Detailed ATAC-seq analysis procedures with code.
- Alignment
Alignment was performed using BWA mem package (bwa/0.7.15/gcc.4.4.7) and only uniquely aligned reads were used in the analysis. Alignment.sh has the code used in this study. The chr.bed is the list of each canonical chromosome length.
- Peak-calling
Peak-calling was performed following the original ATAC-seq protocol [10.1038/nmeth.2688 ] using macs2 (MACS2/2.1.0-update/python.2.7.8) on the shifted read1. Peak_call.sh has the code used in this study.
- Down-sampling
Based on the number of reads in peaks (NPR), we calculated down-sampling factor.

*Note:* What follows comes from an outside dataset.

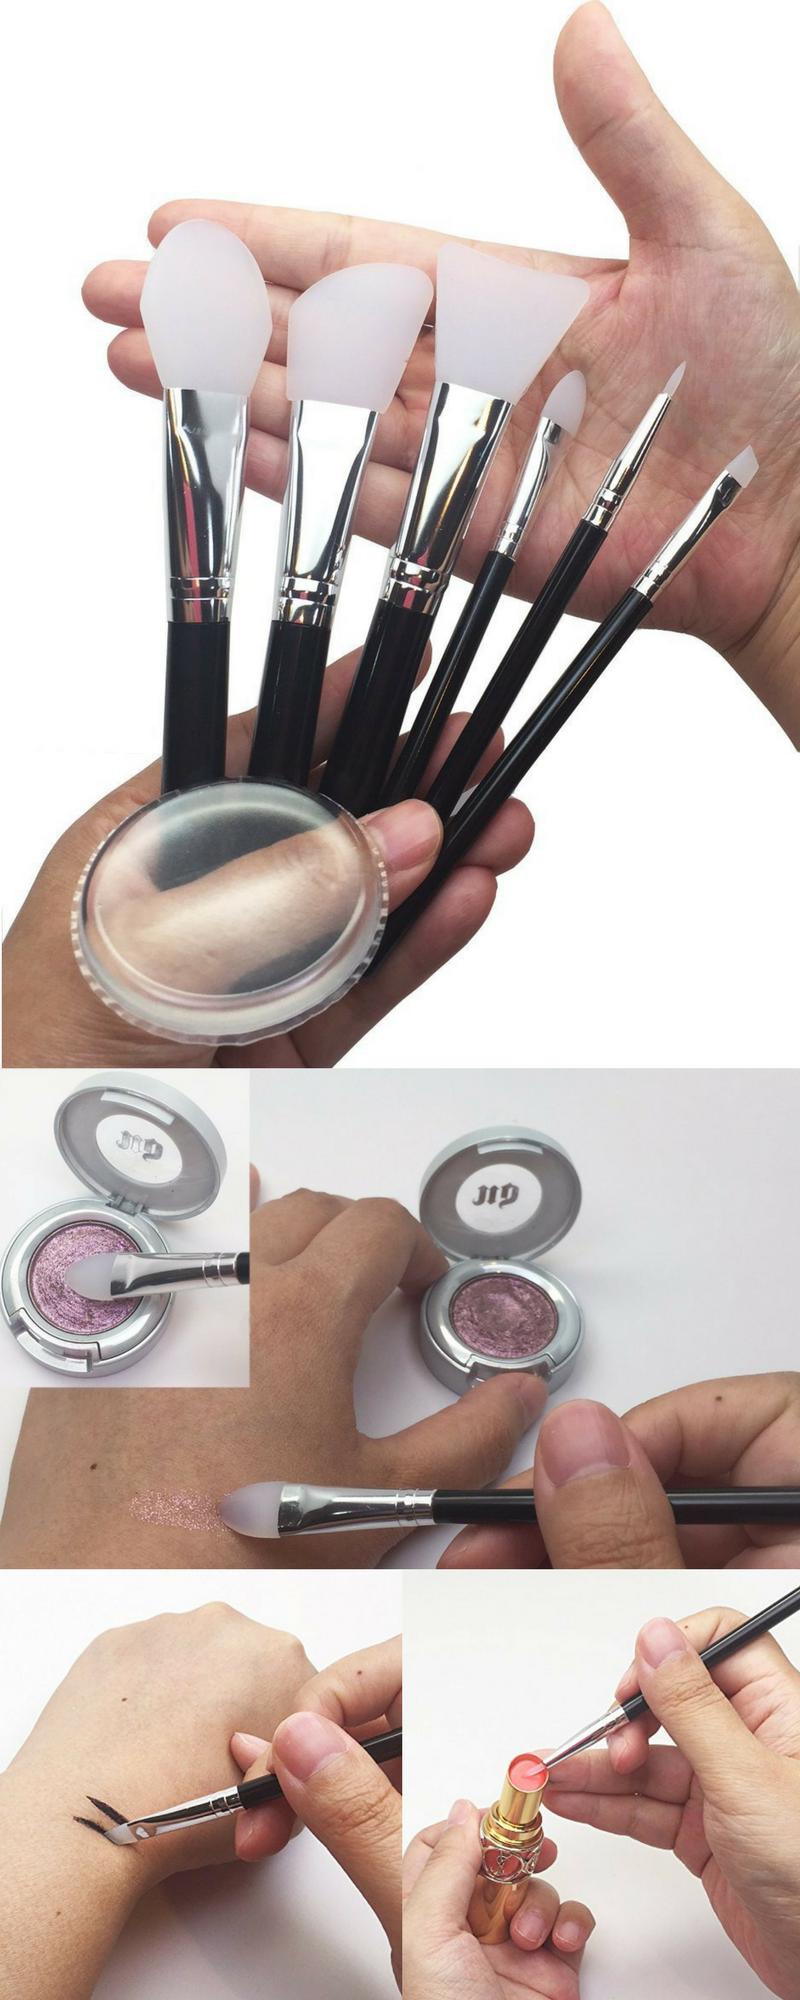 7 Pcs Clear Silicone Sponge Makeup Brush Set + Silisponge

Down_sampling.sh has the code used in this study.
Down-sampling factor = NRP of the sample / mean NRP of all samples
If the factor is greater than 1, we used one as the down-sampling factor.

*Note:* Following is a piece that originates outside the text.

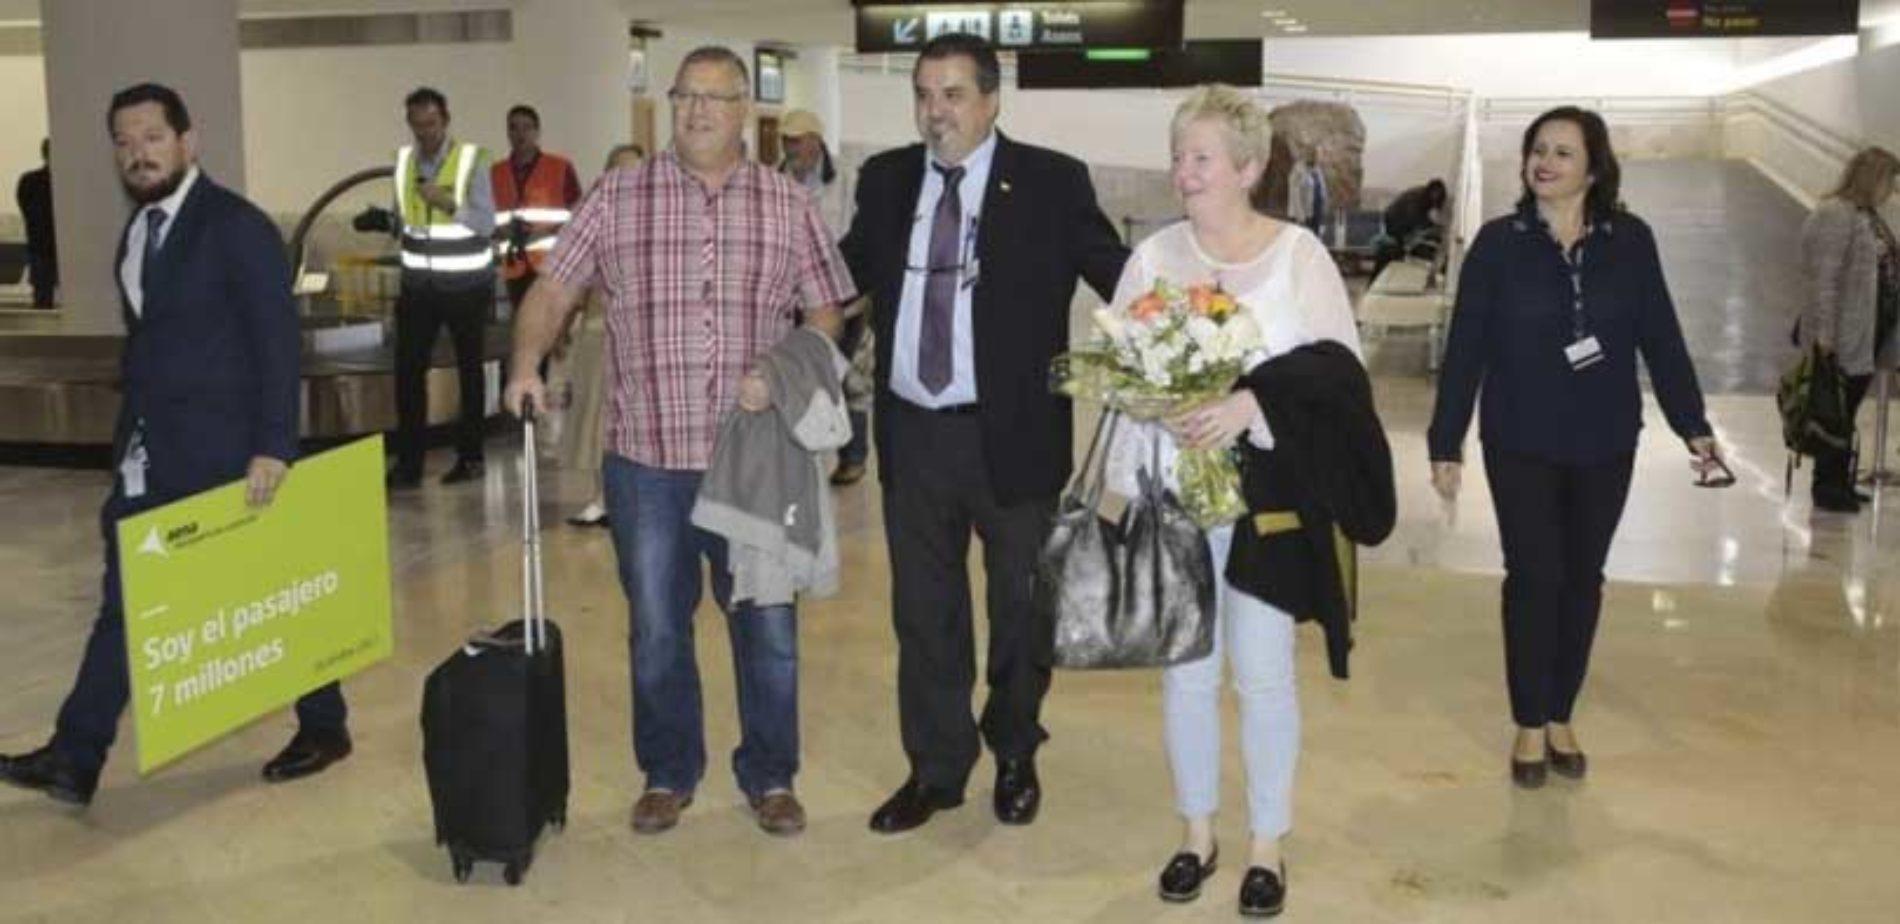 Lanzarote mer og mer avhengig av britisk turisme

- Second round peak-calling.
We re-performed peak-calling on the down-sampled bam files using same parameters in step. Peak_call.sh has the code used in this study.
- Irreproducible Discovery Rate (IDR)
IDR was calculated with idr (idr/2.0.2/python.3.4.1-atlas-3.11.30). The obtained peaks were merged with bedtools merge function (bedtools2/2.26.0/gcc.4.4.7). We used 0.05 as the threshold. IDR_cal.sh has the code used in this study. Data quality
We performed QC on the obtained reads with the ChIPQC Bioconductor package. We obtained 180589 to 310212 peaks at FDR<0.05 (average=229,639, standard deviation=44,830). QC_analysis.rmd has the code used in this study.
2019 Mar 11 Added
For nucRNA-seq analysis
We performed 100 bp paired-end sequencing using the Illumina HiSeq 4000 instrument. We obtained 39 to 42 million paired reads per sample (mean=41,290,882 and standard deviation=1,428,555)
Alignment We used STAR to align the reference genome (mm10) with GENCODE version m11 annotation.
Differentially expressed gene The gene expression status was analyzed with DESeq2.